Shirley M. Hufstedler, the first woman to serve on the nation’s largest federal appeals court and first Secretary of Education, has died at the age of 90 near her Los Angeles home.
Hufstedler was appointed to the 9th U.S. Circuit Court of Appeals in 1968 by President Lyndon Johnson and became only the second woman appointed to any federal appeals court since the founding of the courts in 1789 and the first on the 9th Circuit.
She served for 11 years.
Hufstedler died March 30 at a hospital near her home of Flint Ridge, a suburb of Los Angeles, according to a statement from the appeals court. Her husband Seth and son Steve were with her, the court said.
“Shirley was brilliant, incisive, and talked a mile a minute,” said Judge Mary Schroeder, who served as the court’s first woman chief judge after her appointment by President Jimmy Carter. Schroeder said Hufstedler, as the first woman on the court, “was the center of much attention, including a mention in the New Yorker that featured a description of the dress she was wearing.”

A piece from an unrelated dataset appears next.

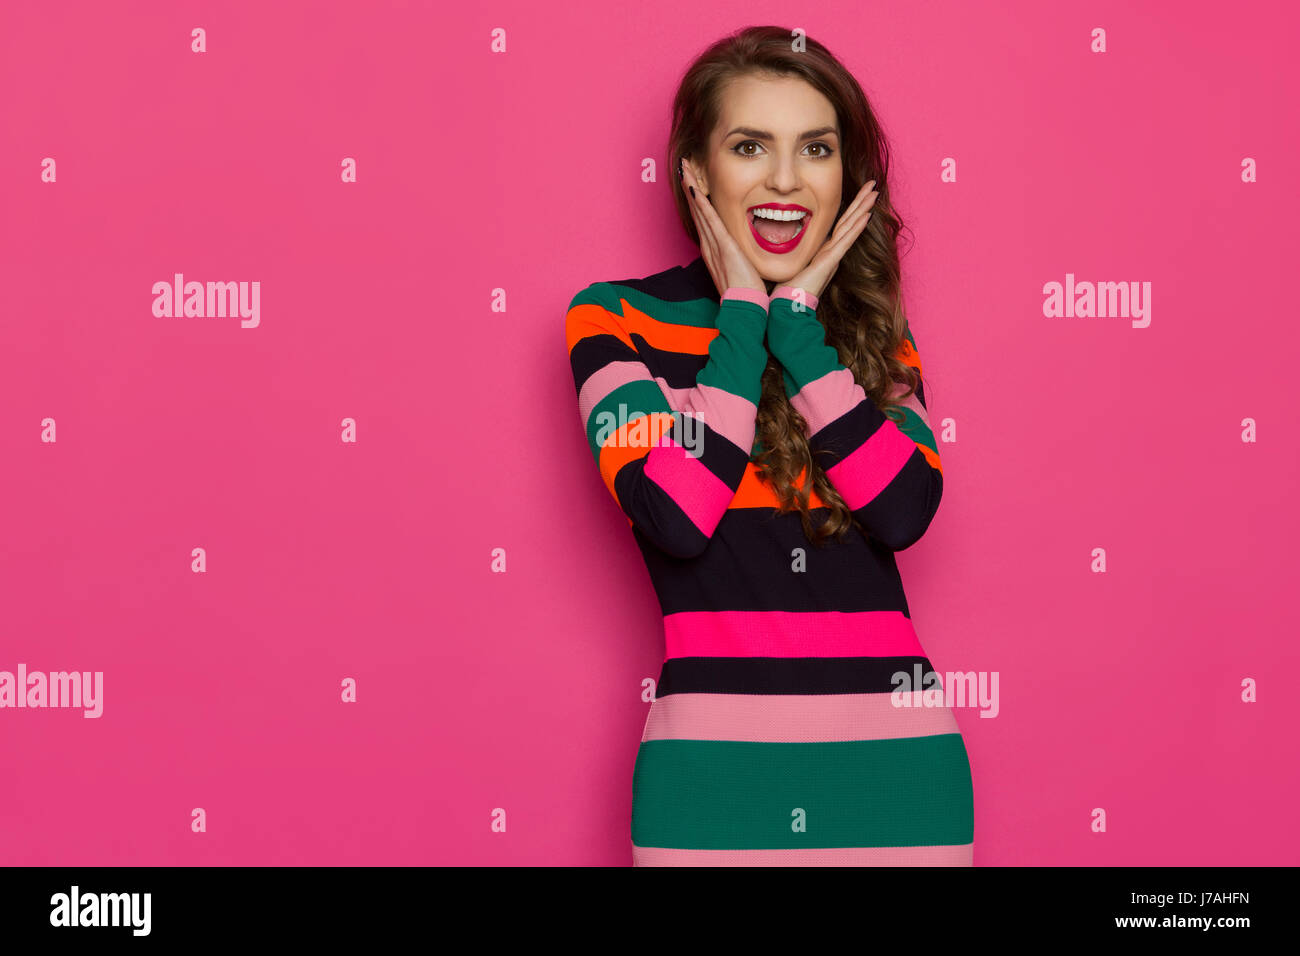 Colorful Head Dress Imágenes De Stock & Colorful Head Dress Fotos De ...

She left the bench in 1979 to accept an appointment by President Carter to the newly created cabinet post of U.S. Secretary of Education.
There was speculation at the time that Carter might nominate her to the U.S. Supreme Court, but the Iran hostage crisis intervened and Carter was voted out of office in 1980, ushering in President Ronald Reagan. She returned to private life in 1981 and became a visiting professor or guest lecturer at a number of law schools.
She also became active in international affairs, serving as a delegate from the Lawyers Alliance for Nuclear Arms Control, which involved negotiating nuclear arms agreements with the Soviet Union for nine years.
During her tenure on the court she wrote numerous notable decisions. Her best known may be a dissent, however, in a 1974 case. The majority found in Lau v. Nichols, that the San Francisco school system’s failure to provide language services for non-English speaking Chinese immigrants did not violate the Fourteenth Amendment’s equal protection guarantees.
Hufstedler wrote “these children are more isolated from equal education opportunity than were those physically segregated blacks” in Brown v. Board of Education. The U.S. Supreme Court sided with Hufstedler and unanimously reversed the majority decision in 1974.
In 1971 she wrote a First Amendment decision in Dietemann v. Time, Inc. holding Life Magazine reporters liable for trespass after they entered the office of a private home and without consent photographed and recorded the occupant talking with other people. She said the First Amendment has “never been construed to accord newsmen immunity from torts or crimes committed during the course of news gathering.”
She was born in Denver and received her law degree from Stanford Law School in 1949, graduating at the top of her law class. Despite her achievement no law firms would hire a woman lawyer so she began a one-woman practice in 1951. In 1960, she was named a special assistant to California Attorney General Edmund “Pat” Brown.